::: Supplied information :::

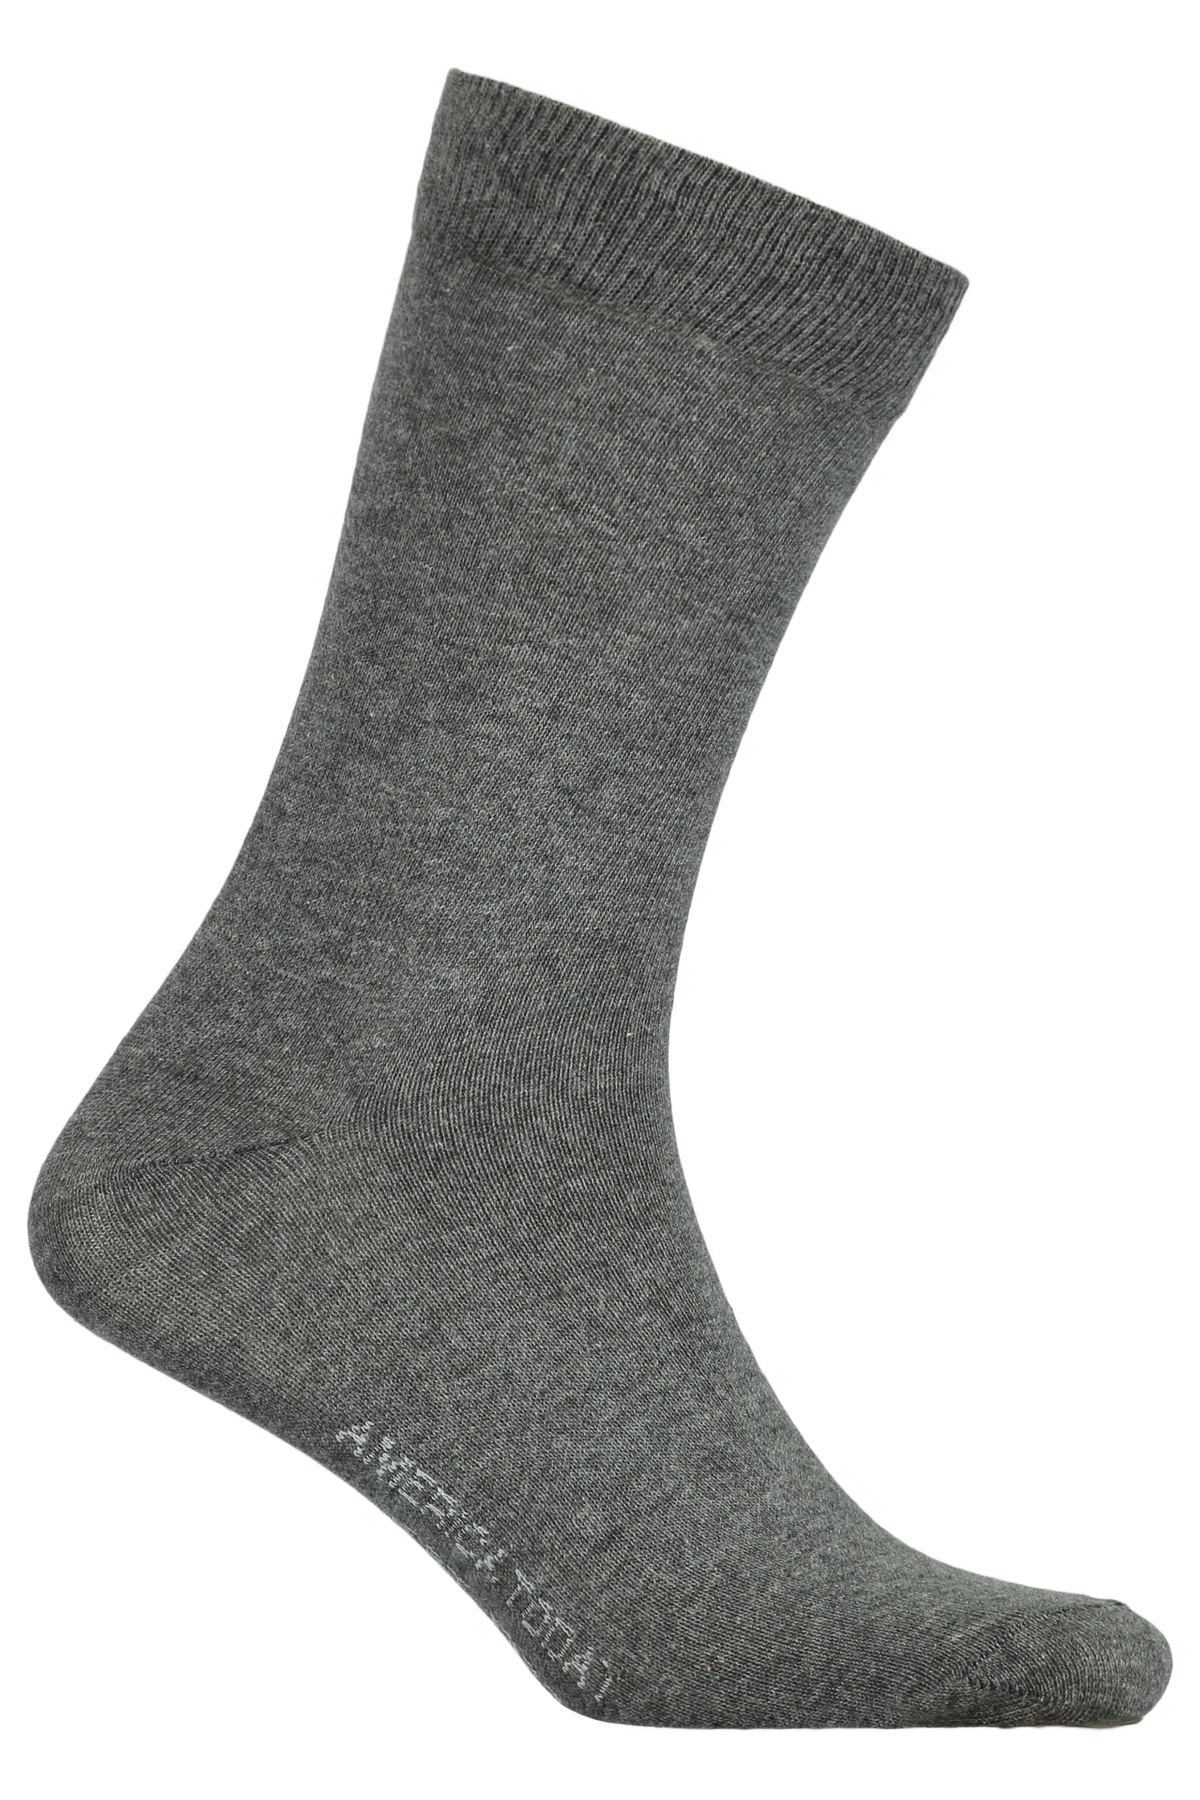 Chausettes Uni socks
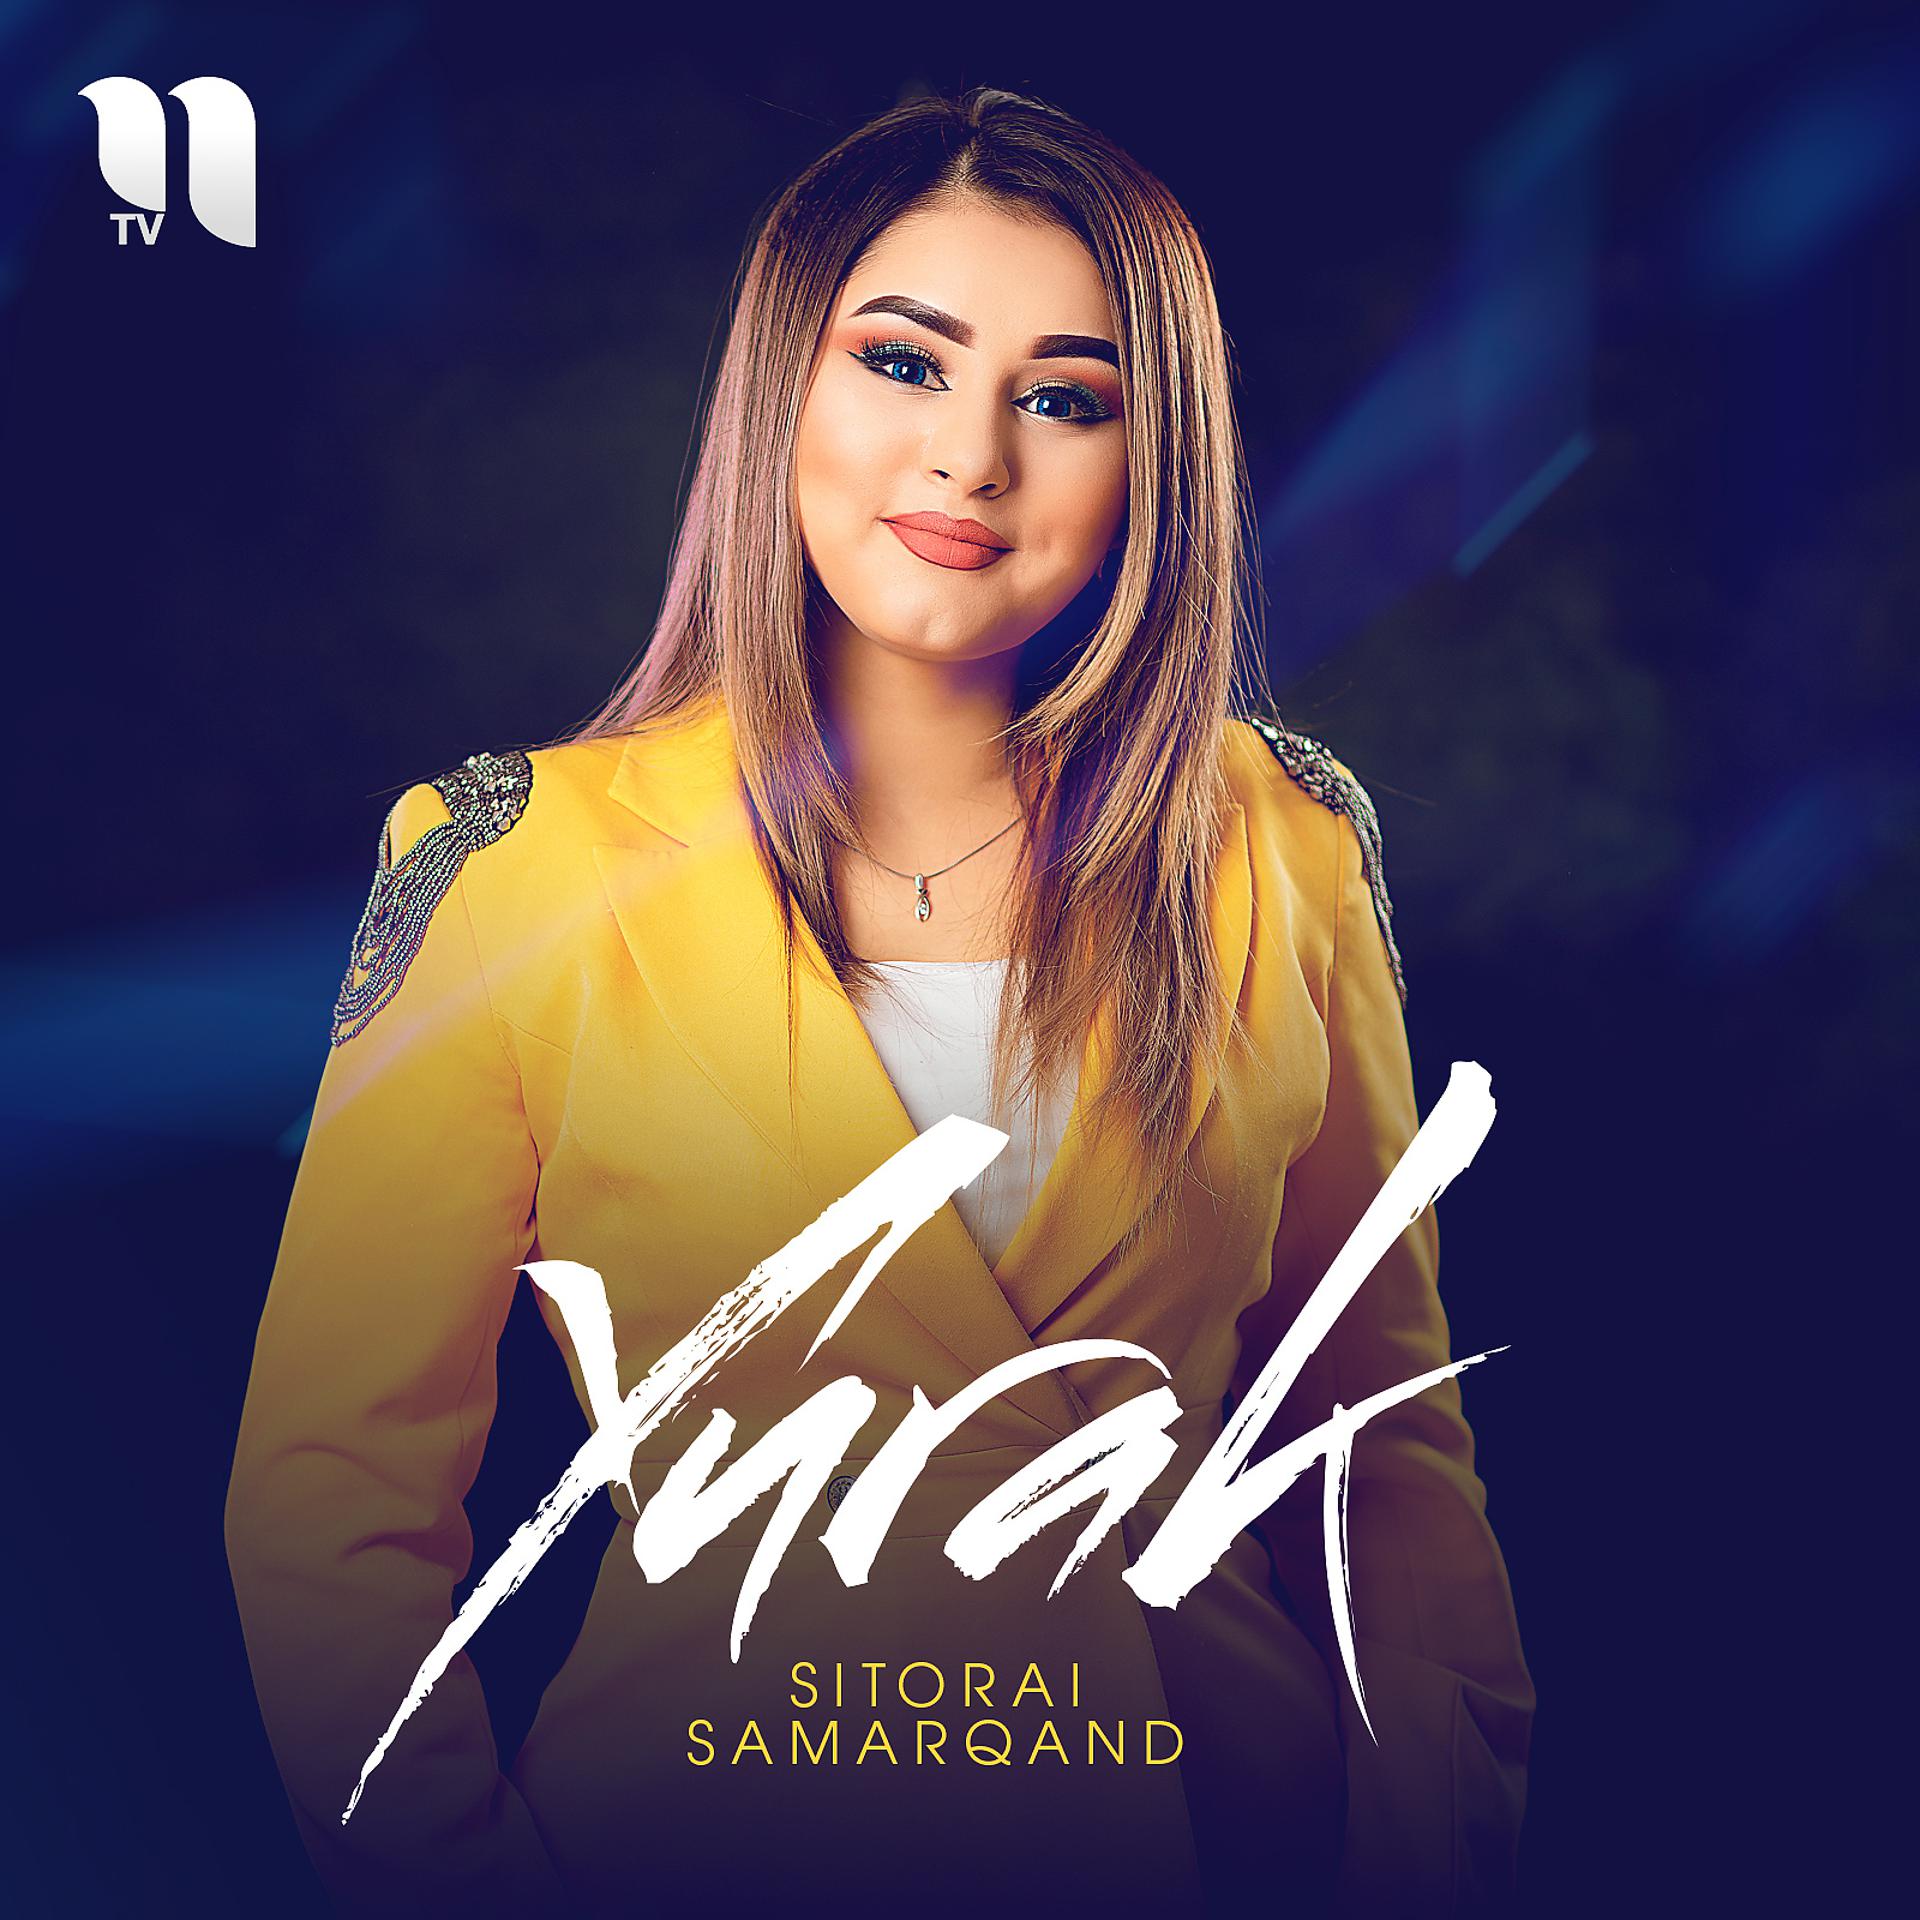 Постер альбома Yurak
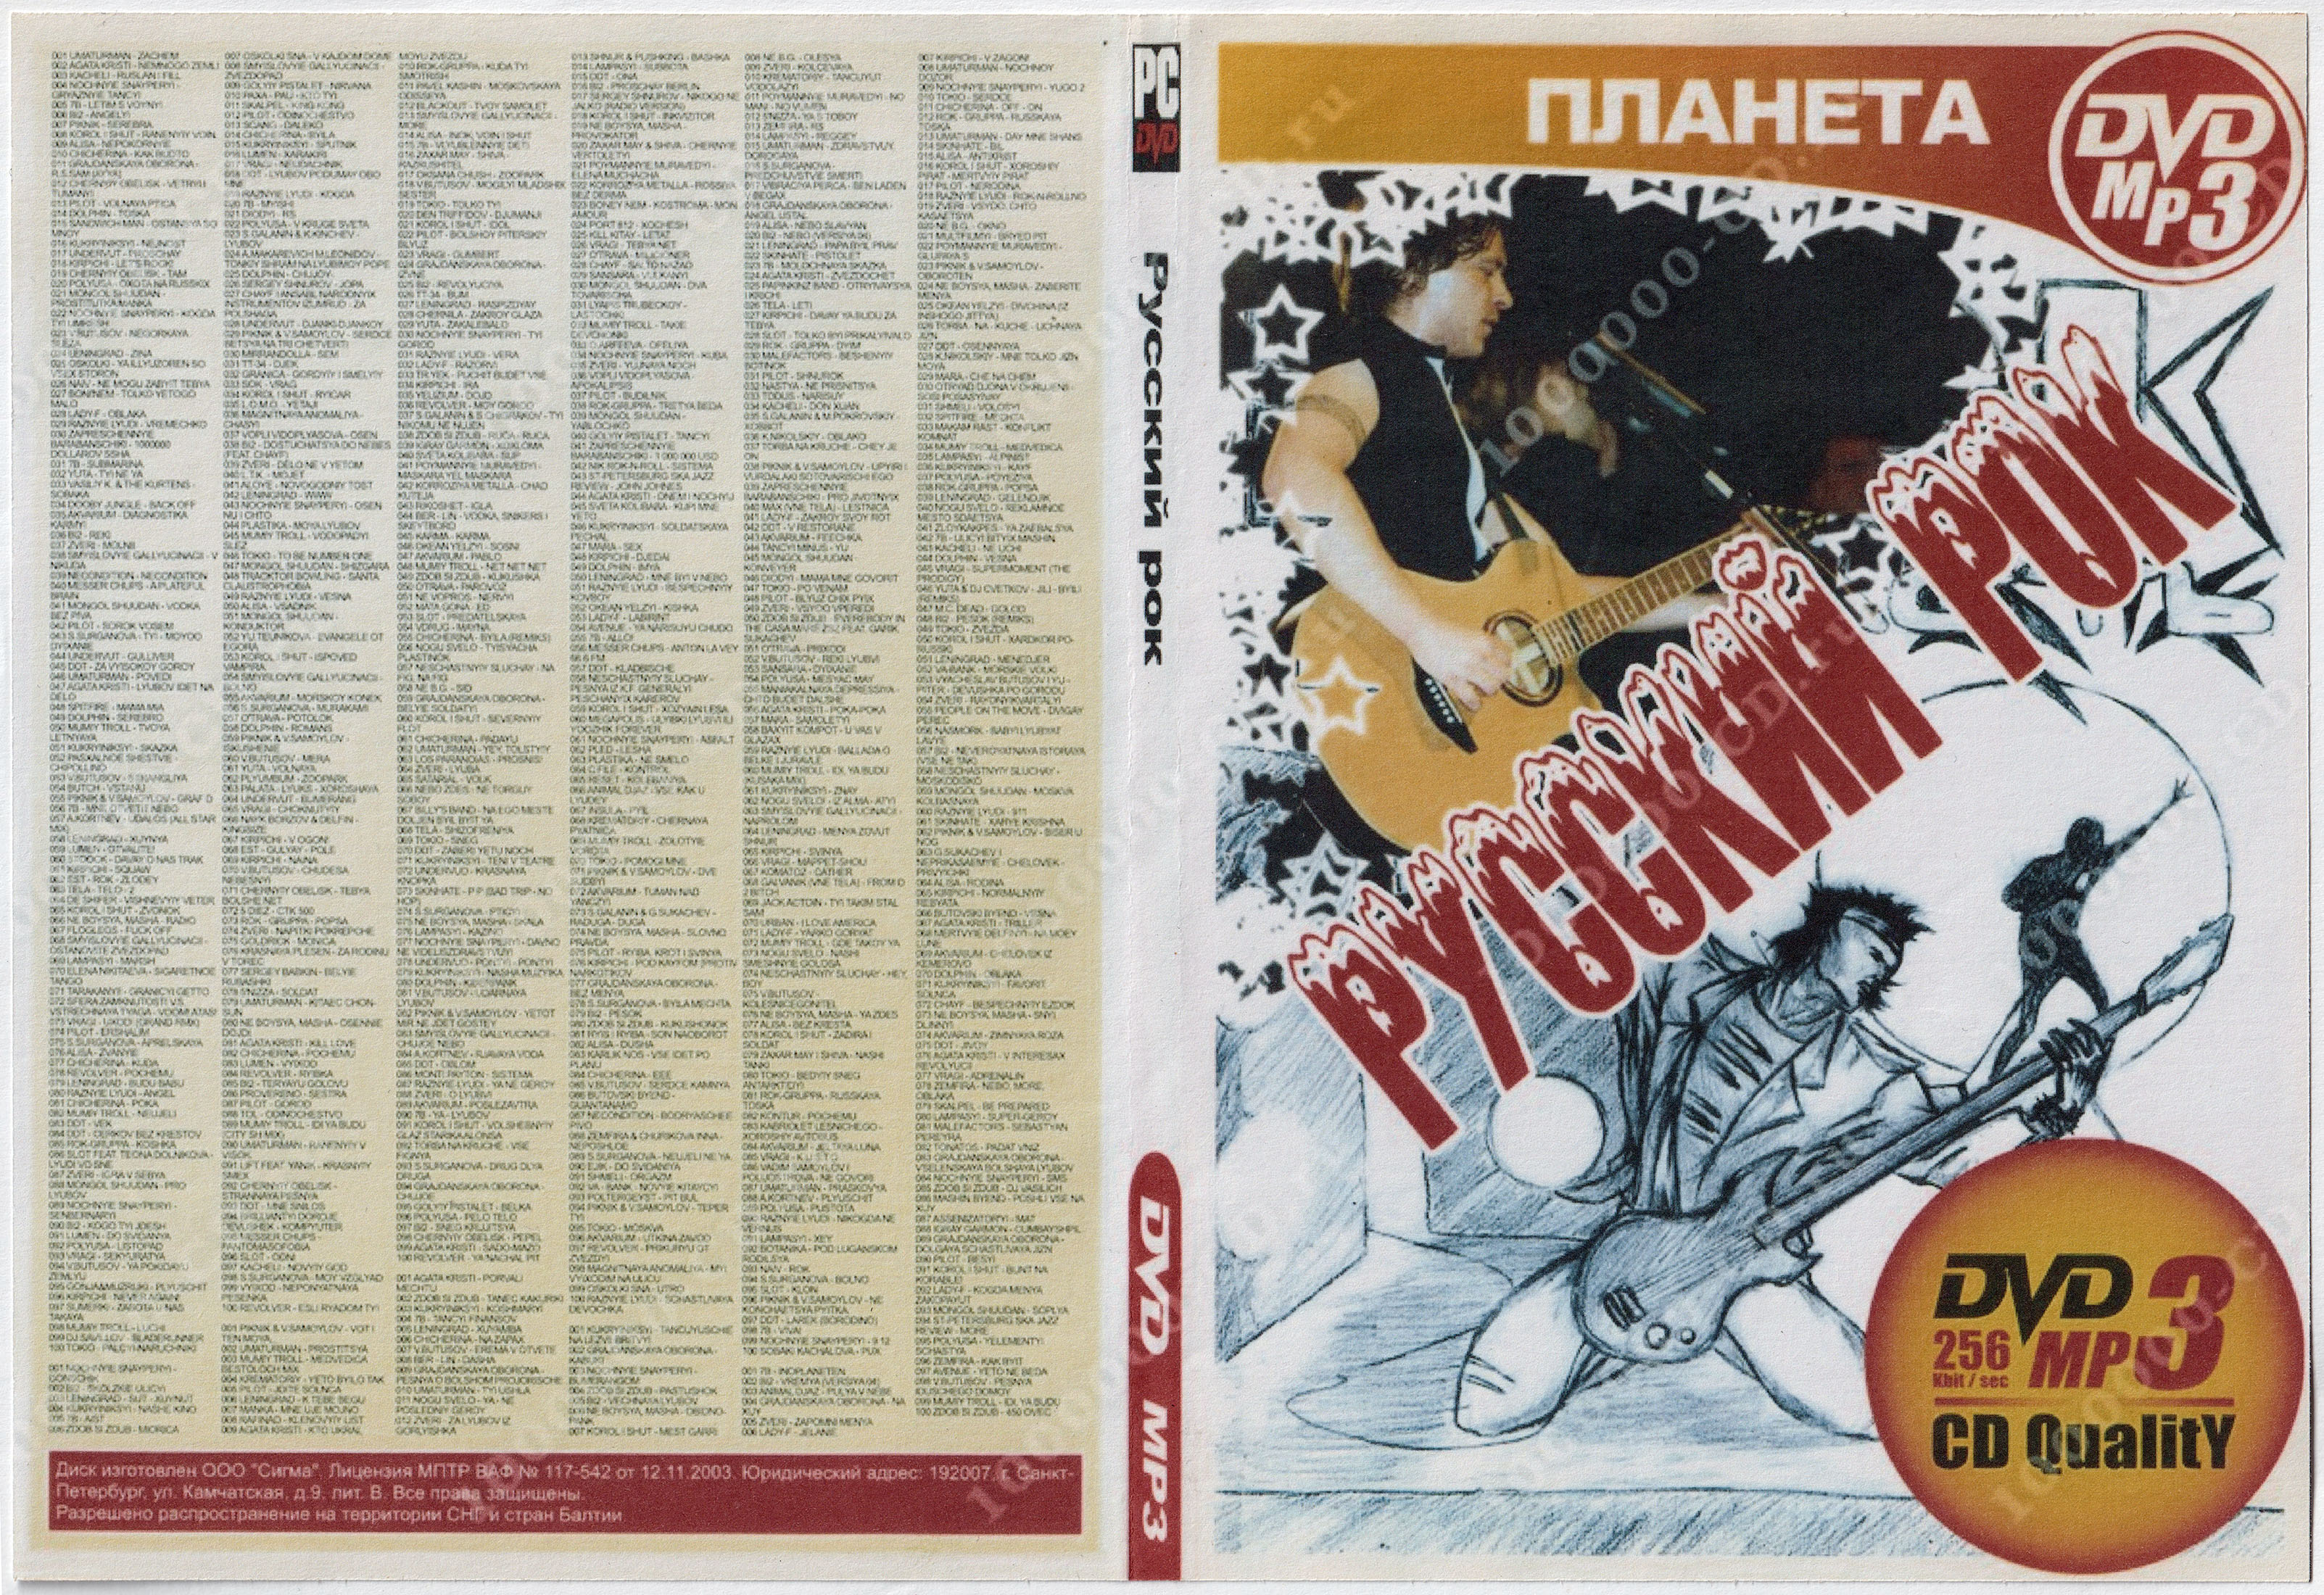 Сборник рока мп3. Диск русский рок. Рок диски сборники. DVD диск русский рок. Компакт диск русский рок.

:::

Your task:
Every word of the material above should be copied exactly; no pictures.

Solved exercise:
 Chausettes Uni socks
 Постер альбома Yurak
 Сборник рока мп3. Диск русский рок. Рок диски сборники. DVD диск русский рок. Компакт диск русский рок.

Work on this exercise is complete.